Data1.fullOuterJoin (data2) .where (0) .equalTo (0) .with (new JoinFunction () {@ Override public Tuple3 join (Tuple2 first, Tuple2 second) throws Exception {if (first = = null) {return new Tuple3 (second.f0, "-", second.f1) } else if (second = = null) {return new Tuple3 (first.f0, first.f1, "-");} return new Tuple3 (first.f0, first.f1, second.f1);}}) .print (); cross functionScala

Cartesian product, left and right cross processing

Def crossFunction (env: ExecutionEnvironment): Unit = {val info1 = List ("Qiao Feng", "Murong Fu") val info2 = List val data1 = env.fromCollection (info1) val data2 = env.fromCollection (info2) data1.cross (data2). Print ()}

Output:

(Qiao Feng, 3) (Qiao Feng, 1) (Qiao Feng, 0) (Murong Fu, 3) (Murong Fu, 1) (Murong Fu, 0) Javapublic static void crossFunction (ExecutionEnvironment env) throws Exception {List info1 = new ArrayList (); info1.add ("Qiao Feng"); info1.add ("Murong Fu"); List info2 = new ArrayList (); info2.add ("3"); info2.add ("1") Info2.add ("0"); DataSource data1 = env.fromCollection (info1); DataSource data2 = env.fromCollection (info2); data1.cross (data2). Print ();} at this point, the study of "the usage of Flink transformation under Apache" is over, hoping to solve everyone's doubts. The collocation of theory and practice can better help you learn, go and try it! If you want to continue to learn more related knowledge, please continue to follow the website, the editor will continue to work hard to bring you more practical articles!

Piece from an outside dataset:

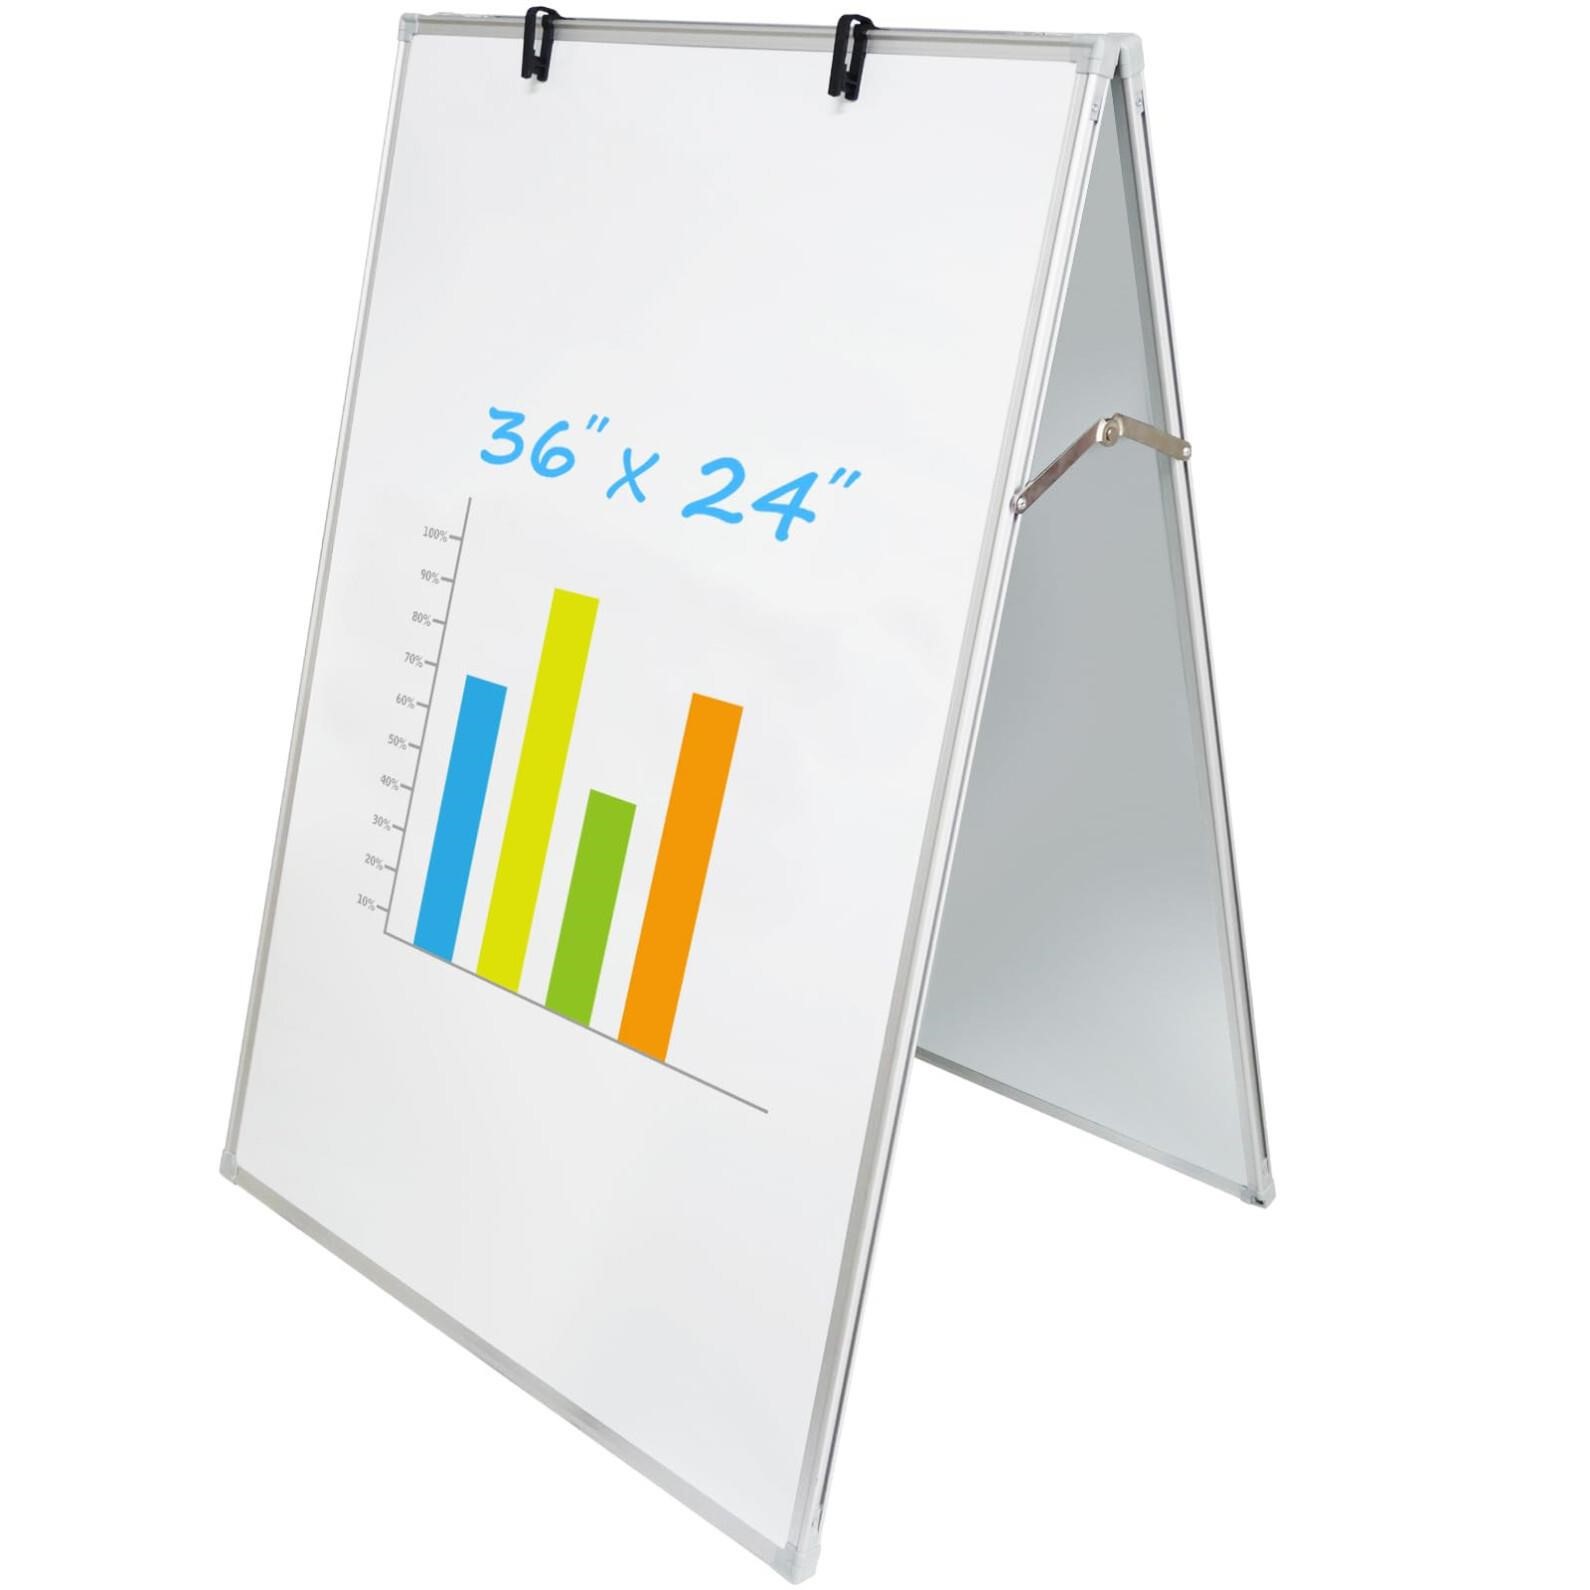 JILoffice Dry Erase Board, Magnetic White Board 36

Welcome to subscribe "Shulou Technology Information " to get latest news, interesting things and hot topics in the IT industry, and controls the hottest and latest Internet news, technology news and IT industry trends.

*The comments in the above article only represent the author's personal views and do not represent the views and positions of this website. If you have more insights, please feel free to contribute and share.